Не прошло еще и половины лета, а до конца всего-то и осталось, что одеть весь храм в пурпурную штукатурку. Не только из-за торжественности этого огненного цвета, но и для того, чтобы во время холодов не промерзла кладка из еще влажных сталактитов, доставленных из окрестных каменоломен.

VIII
Четыре стороны света и четыре главных направления времени

Когда церковь распоясали от лесов, Сава направился в свою новоотстроенную келью посмотреть в окна. Он хорошо помнил обещание, оставленное слепому старику, и внимательно следил за тем, чтобы окна катехумении не оказались одновременно приоткрытыми, а уж тем более распахнутыми настежь.

Через первое окно, то, на котором любила сидеть ласточка вселенского патриарха, Сава увидел все таким, как оно есть. Гнездо ласточки, монастырский двор, сосны, дубы, трапезную, кухню, кельи братьев, странноприимный дом, малую церковь, хлев, кузницу, кладовые, загоны для скота, пруд с рыбой и пасеку. Это было окно нынешнего.

Через второе и третье окна, те самые, возле которых ждали своих мужей византийские императрицы, Сава увидел то, что было, и то, что будет. Через второе смотрел он на события прошлые: как Фридрих Барбаросса троекратно целовал Стефана Неманю и как латиняне захватили и разграбили Константинополь. Через третье окно Сава смотрел на события будущие: как кто-то один из его рода ослепляет своего сына, другой заключает в темницу отца, а над страной его нависает зловещее облако неверных.

Наконец, через четвертое окно, то самое, на котором отдыхал двуглавый орел византийского императора, Сава тоже мог видеть все таким, как оно есть, но не рядом, а впереди, далеко-далеко.

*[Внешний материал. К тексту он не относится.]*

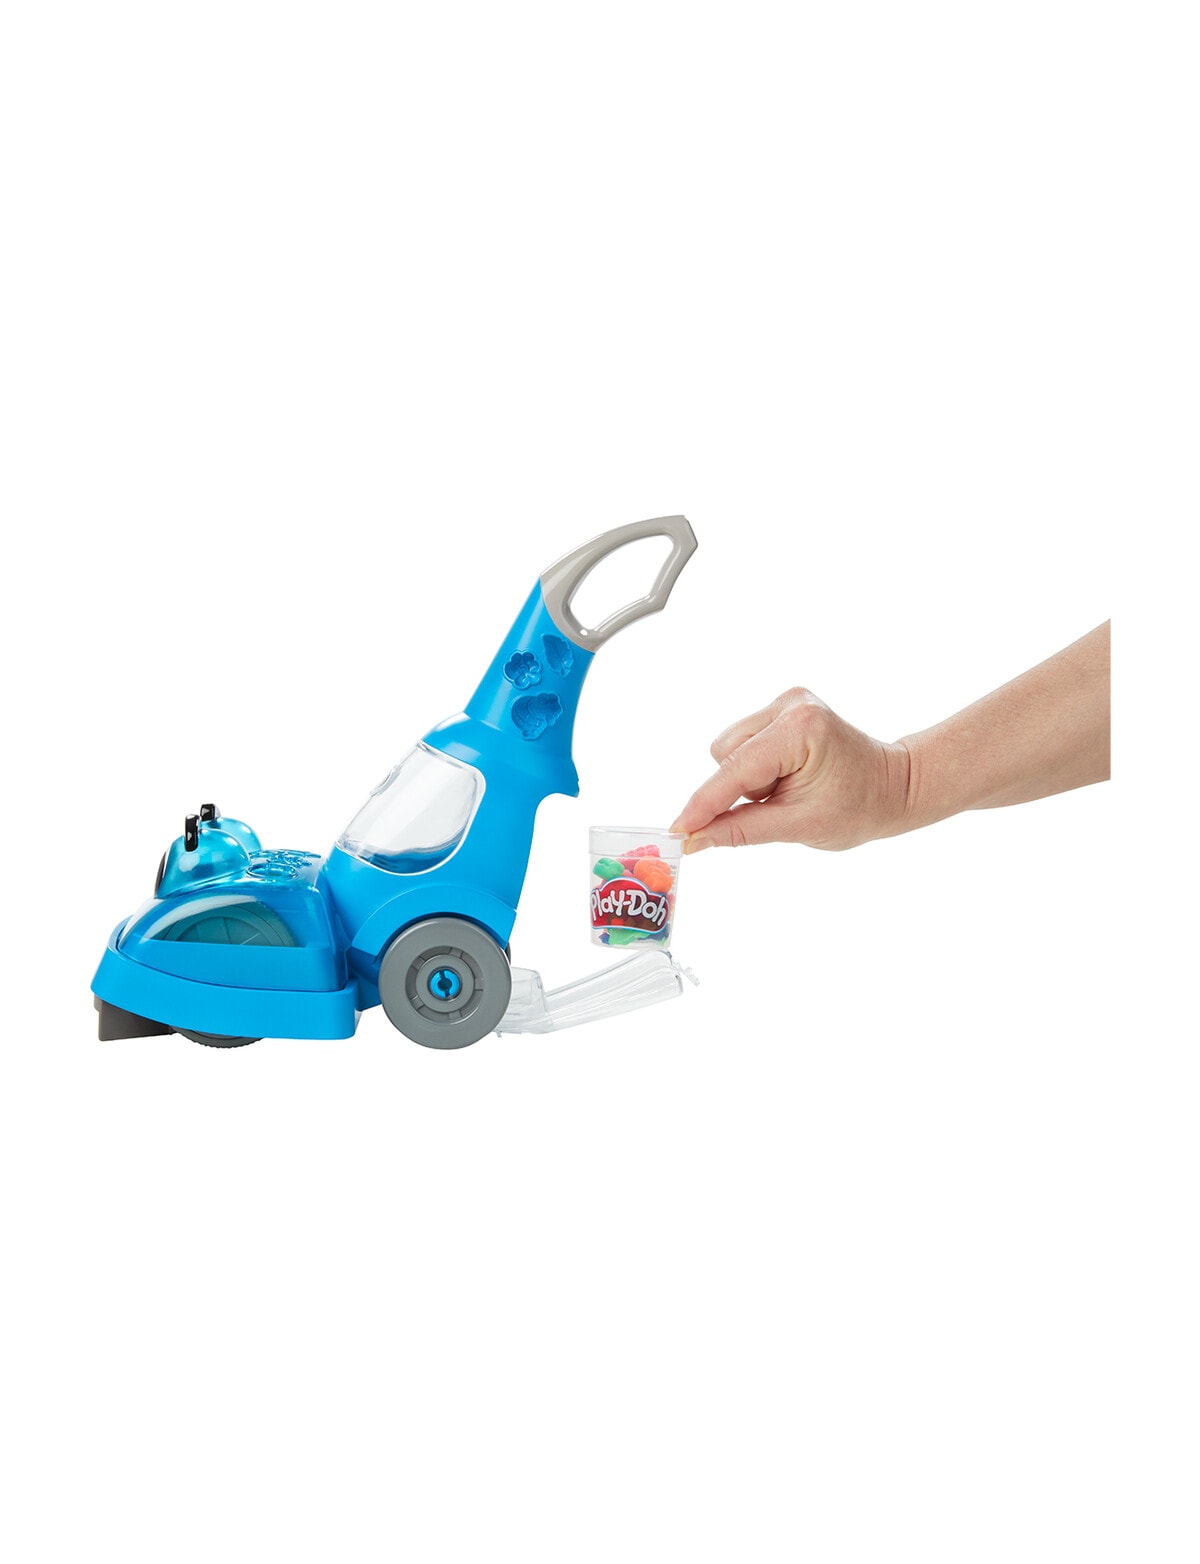 Playdoh Zoom Zoom Vacuum and Cleanup Set - Arts & Crafts

Таким образом он ясно видел, будто стоя собственными ногами прямо там, вдали, что делают подвижники в Вифлееме, сколько кораблей бросило якорь в гавани Дубровника и что находится вечером в тарелке венгерского короля.

– С верхнего этажа притвора церкви Святого Спаса не просто открывается вид на все четыре стороны света, этот вид простирается и по всем четырем главным направлениям времени, – говорил Сава рукоположенному игумену монастыря Жича. – Когда меня нет в покоях, хочу, чтобы ты каждый день наблюдал через одно из окон и, в зависимости от того, что там увидишь, принимал решение на благо братьев и всего нашего рода. Надеюсь, что вы ничего не перепутаете. В противном же случае да поможет нам Бог, ибо пути наши таким узлом завяжутся, что распутать их не сможет и сотое колено, считая отсюда.

И прежде чем отправиться в Студеницу, чтобы, как от него и требовал тот самый сон, в одиночестве подробно размыслить о других делах, боголюбивый Сава дал игумену Жичи на хранение шкатулку с частичкой десницы святого Иоанна Крестителя и перышко ангела, чтобы держал его в бороде как в киоте. По милости Божьей архиепископ сербский Сава оставил игумену и еще одно знание, а именно, что за церковной службой он может наблюдать через пятое окно. Через то окно, которое после достройки притвора открылось из его кельи во внутреннюю часть Спасова дома.

Третий день
I
Игумен Григорий, три мастера, кефалия Величко и большая пыль

По прошествии более семидесяти обильных жатв весеннего лунного света, простагма на разработку которого была выдана монастырю византийским василевсом, то есть по прошествии более семидесяти лет от завершения строительства притвора, преподобный отец Григорий, пятый игумен Жичи, сразу же после утреннего богослужения направился в сторону катехумении, чтобы распахнуть одно из четырех никейских окон. Обязанность, которую Сава вменил управителям Спасова дома, была первым делом, которое они выполняли сразу после литургии. Так же и этим утром, только что соскользнувшим с покрытых росой склонов Столовых гор прямо в Светлый вторник, третий день Пасхи, отец Григорий принялся взбираться по каменным ступеням, которые вели к верхней келье и ко входу в башню над притвором.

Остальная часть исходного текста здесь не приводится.